Bioanalytical method development and pharmacokinetics of MCI-92, a sigma-1 receptor ligand

•A UPLC-MS/MS bioanalytical method for the quantification of MCI-92 was developed.•The method was validated in mouse plasma and brain following FDA guidelines.•The validated method was applied to the analysis of pharmacokinetic study samples. Sigma-1 receptors are found throughout the nervous system and play a role in regulating nociception. They are highly expressed in nerve injury, making them a potential target for the treatment of neuropathic pain. Although sigma-1 receptor antagonists have been shown to have anti-nociceptive and anti-allodynic effects, improved selectivity of these ligands is needed to further investigate their potential to treat neuropathic pain.

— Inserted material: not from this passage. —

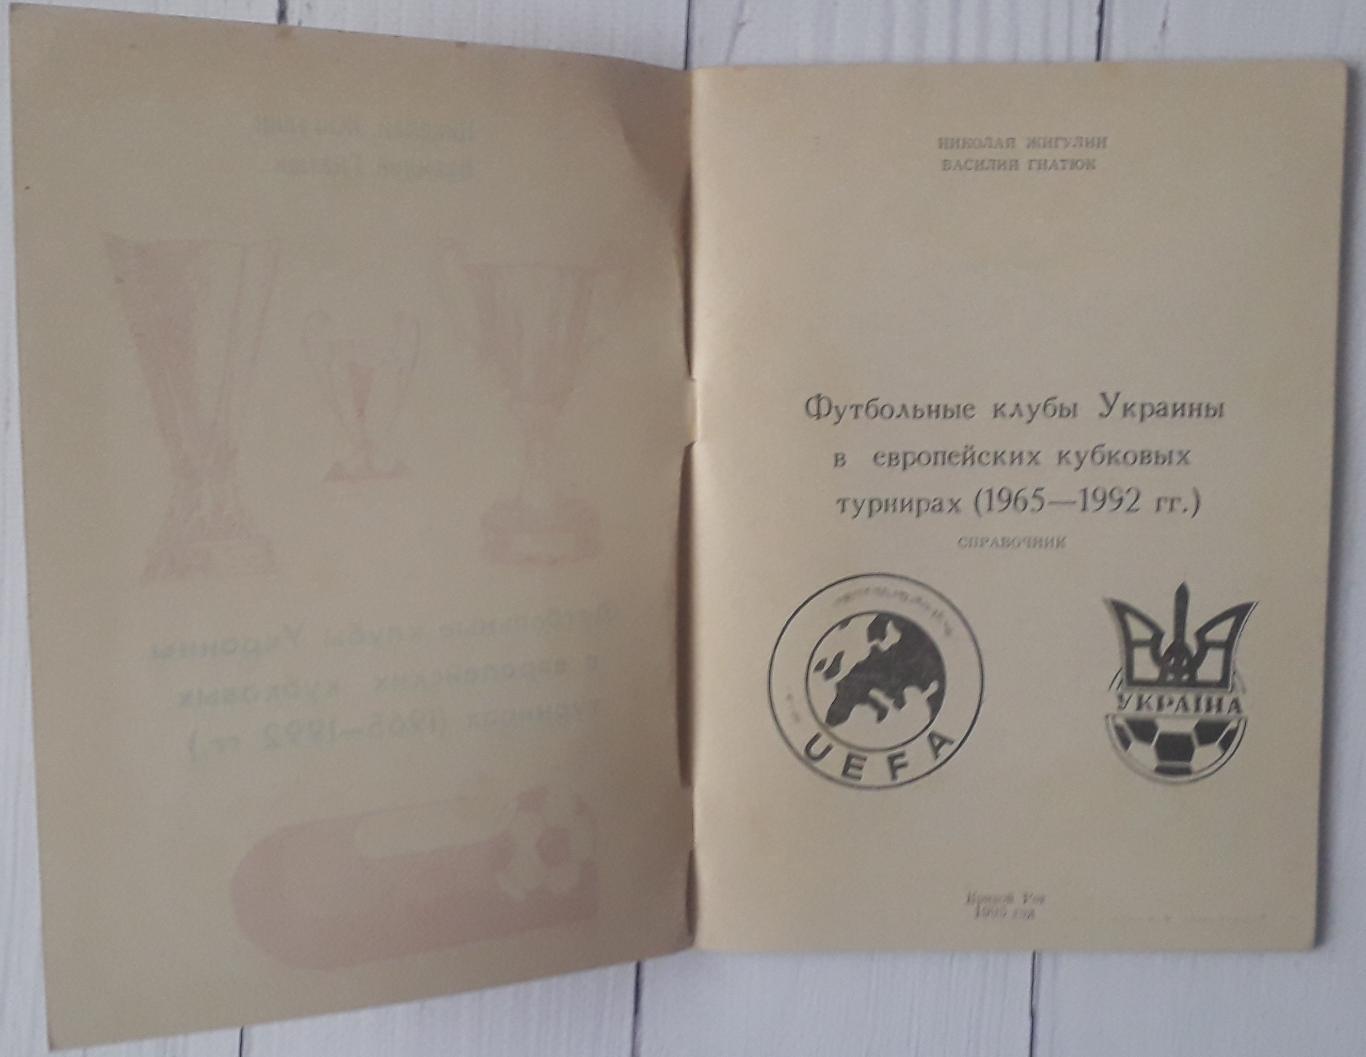 Футбольные клубы Украины в еропейских кубковых турнирах (1965-1992 гг.) 1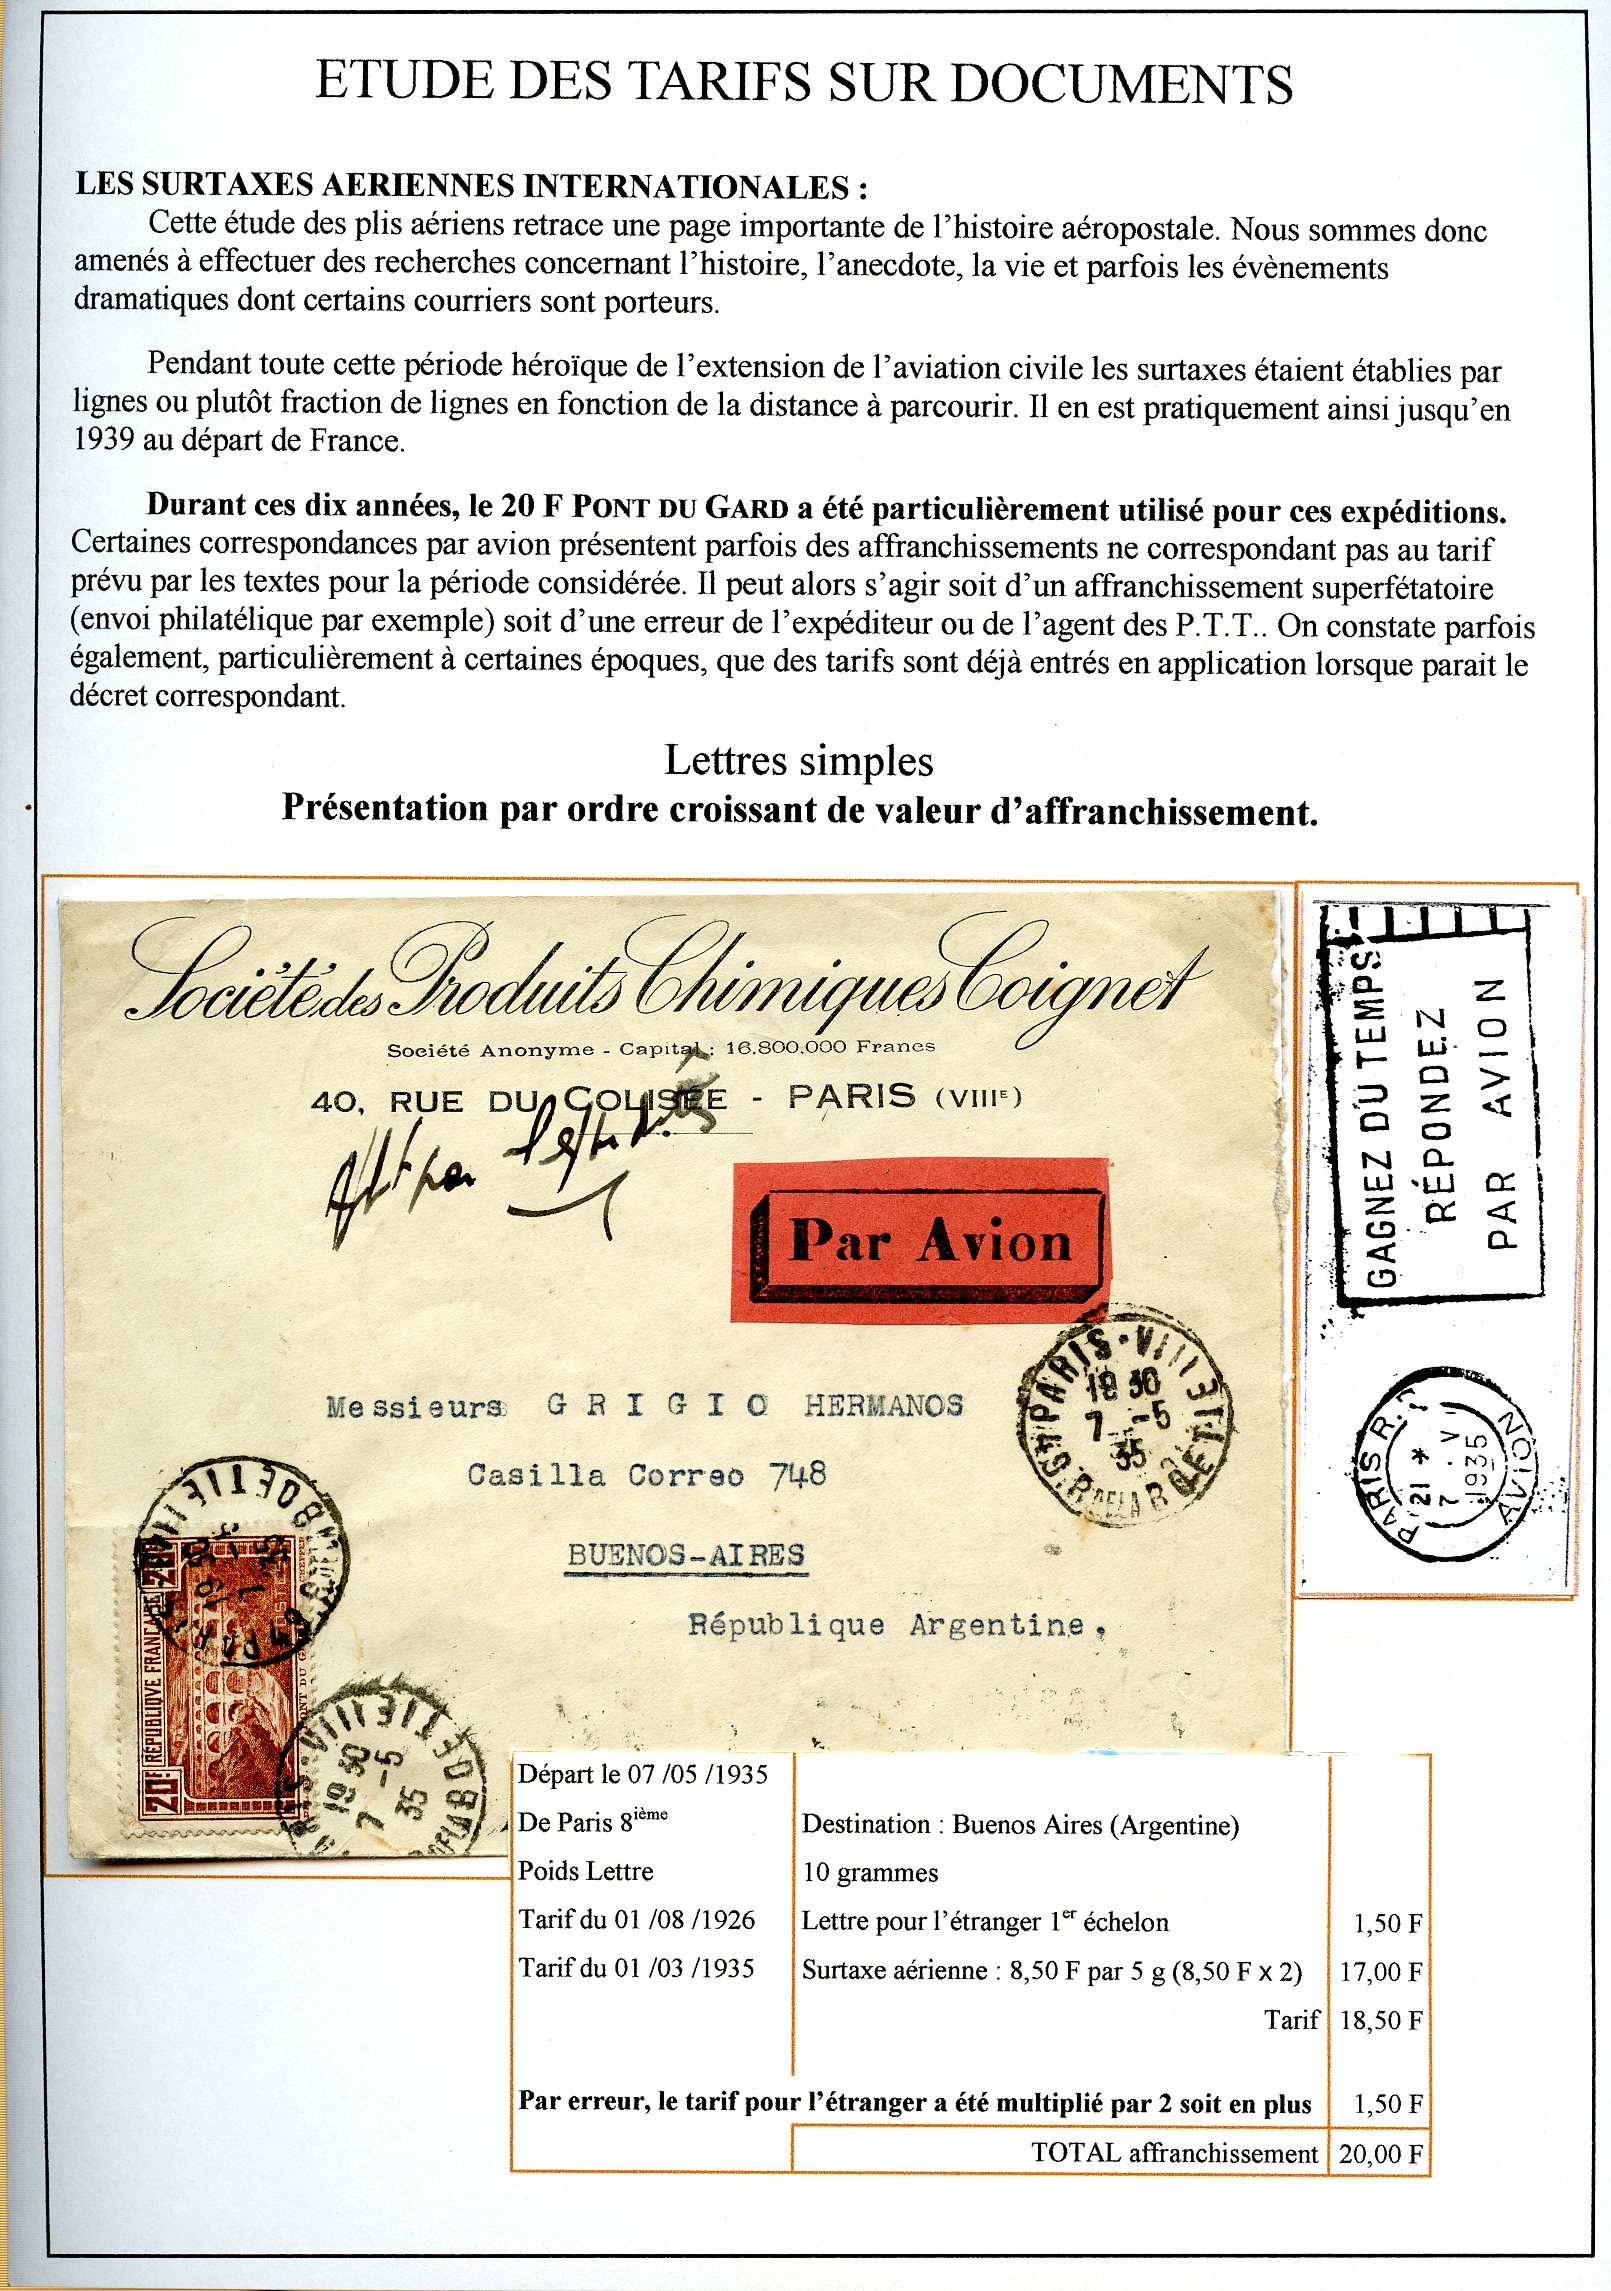 Les tarifs et les diff��rentes utilisations postales du 20 F. Pont du Gard p. 15

MCI-92 is a novel, selective sigma-1 receptor ligand developed to address this need. A sensitive and rapid ultra-performance liquid chromatography tandem mass spectrometry (UPLC-MS/MS) method was developed and validated for the quantification of MCI-92 in mouse plasma and brain homogenate. A structural analog of the analyte, MCI-147, was used as the internal standard (IS). The chromatographic separation was achieved on an Acquity UPLC BEH C18 column using a mobile phase consisting of water acidified with 0.1 % v/v formic acid and acetonitrile with gradient elution over 3.2 min. The method was linear over a concentration range of 1−200 ng/mL. Multiple reaction monitoring in the positive ionization mode was used for the mass spectrometric quantitation using m/z transitions 369.2 > 126.0 for MCI-92 and 448.9 > 350.1 for the IS. The method was successfully applied to the analysis of plasma and brain samples obtained in the course of oral and intravenous pharmacokinetic studies in CD-1 mice. MCI-92 showed a high volume of distribution (11.3 ± 0.6 L/kg) and rapid clearance (6.1 ± 0.8 L/h/kg) from systemic circulation. The concentration of the MCI-92 was higher in the brain than in plasma throughout all terminal time points, indicating high blood-to-brain partitioning and slow brain clearance.